Последнее выражение: «и изрину», - подает мысль, что удаление прародите­лей из рая соединено было с некоторым принуждением, а посему заставляет предполагать с их стороны усилие - остаться там, где были. И можно ли было скоро и с охотой оставить рай, чтобы пойти вон, на землю, уже проклятую, в ожидании от пота и трудов над ней - терния и волчцев? Но, без сомнения, это усилие - не расставаться с местом своего первобытного жительства - состояло не в чем другом, как в молении и слезах, как это бывает с детьми, когда их хотят удалить навсегда от какого-либо любимого места. В таком случае потребно быва­ет некоторое усилие руки отца или матери. То же последовало и теперь: невиди­мая сила заставила прародителей идти, куда повелено: «и изрину Адама».

«И всели его прямо рая сладости». Судя по той цели, для коей прародители удалены из рая, можно было ожидать, что для нового жительства их избрано будет место, совершенно удаленное от Едема, дабы не было перед глазами искушения - пожелать паки возвратиться в него. Но премудрость Божия по­ступает противным образом - вселяет Адама не вдали, а «прямо рая», дабы он всегда имел его перед глазами своими.
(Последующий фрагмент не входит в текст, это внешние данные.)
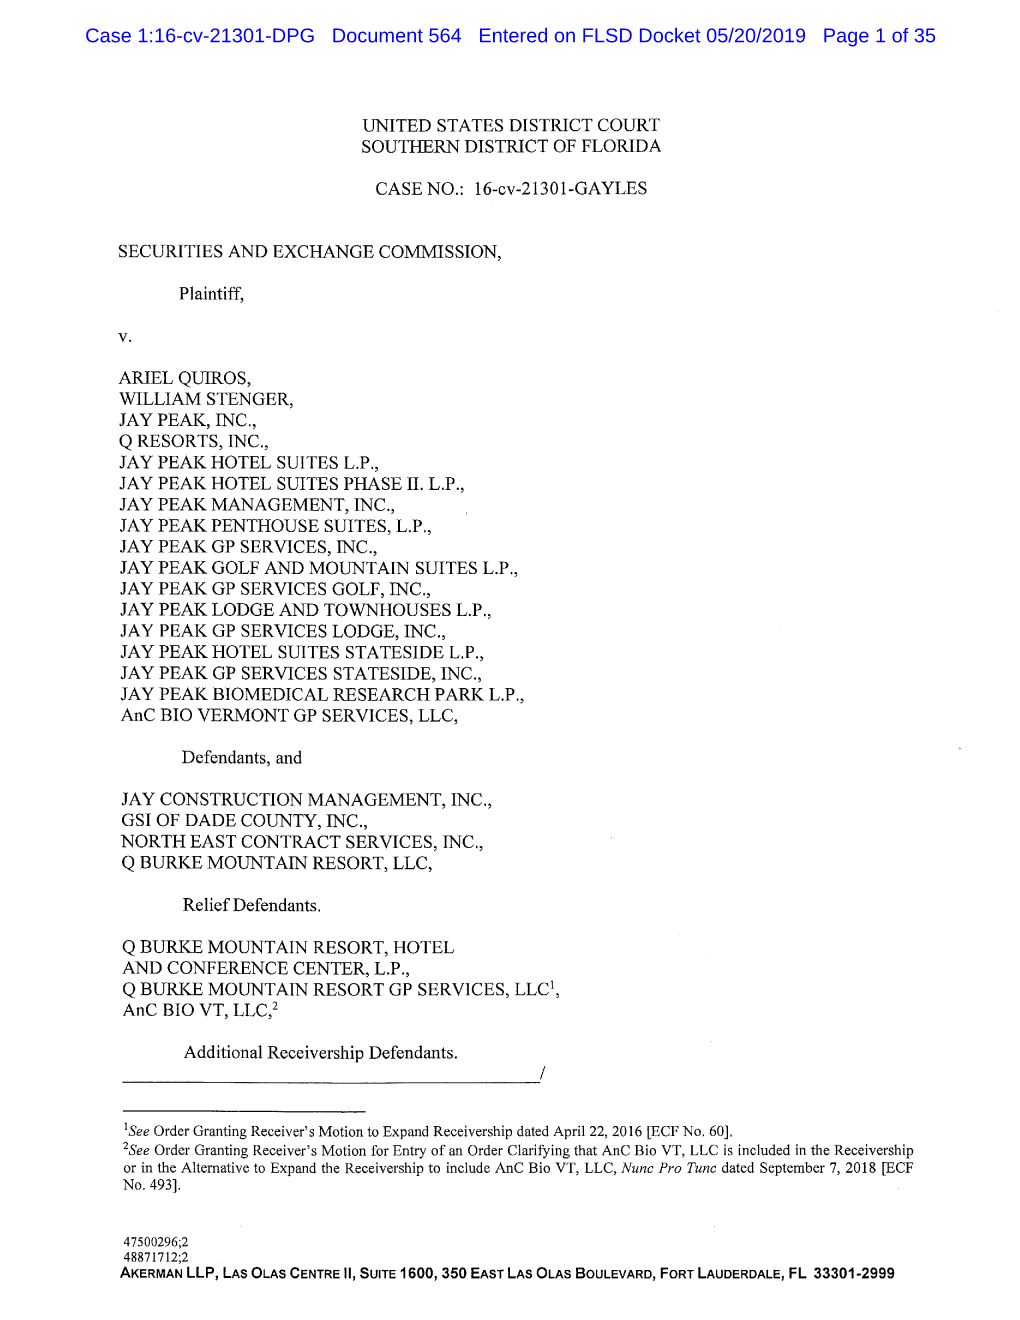 Case 1:16-Cv-21301-DPG Document 564 Entered on FLSD Docket 05/20/2019 Page 1 of 35

Для чего это? Для того, конечно, чтобы вид потерянного Едема непрестанно напоминал человеку о том, чего он ли­шился, и располагал его к покаянию. Это полезно было даже не для одного Адама и Евы, а и для потомков их, кои, без сомнения, не вдруг разлучились со своими прародителями, а долго жили с ними вместе - «прямо рая». Таким обра­зом, в их памяти и уме от самого взгляда на Едем утверждалось сказание Ада­ма и Евы о первобытном блаженном состоянии человечества, о преступлении заповеди, о змие-искусителе, о суде Божием и наказании за грех. Все это дол­жно было располагать потомков Адамовых к чувствам покаяния и веры в обе­тование Божие о победе над змием. И сему-то, конечно, должно приписать, что предания о первобытном невинном состоянии человека и его падении до того распространились и утвердились во всем роде человеческом, что, несмот­ря на столько веков, на истребление первого мира потопом, на рассеяние по столпотворении Вавилонском людей по всему лицу земли, доселе, хотя неяс­но, слышатся в священных верованиях всех народов.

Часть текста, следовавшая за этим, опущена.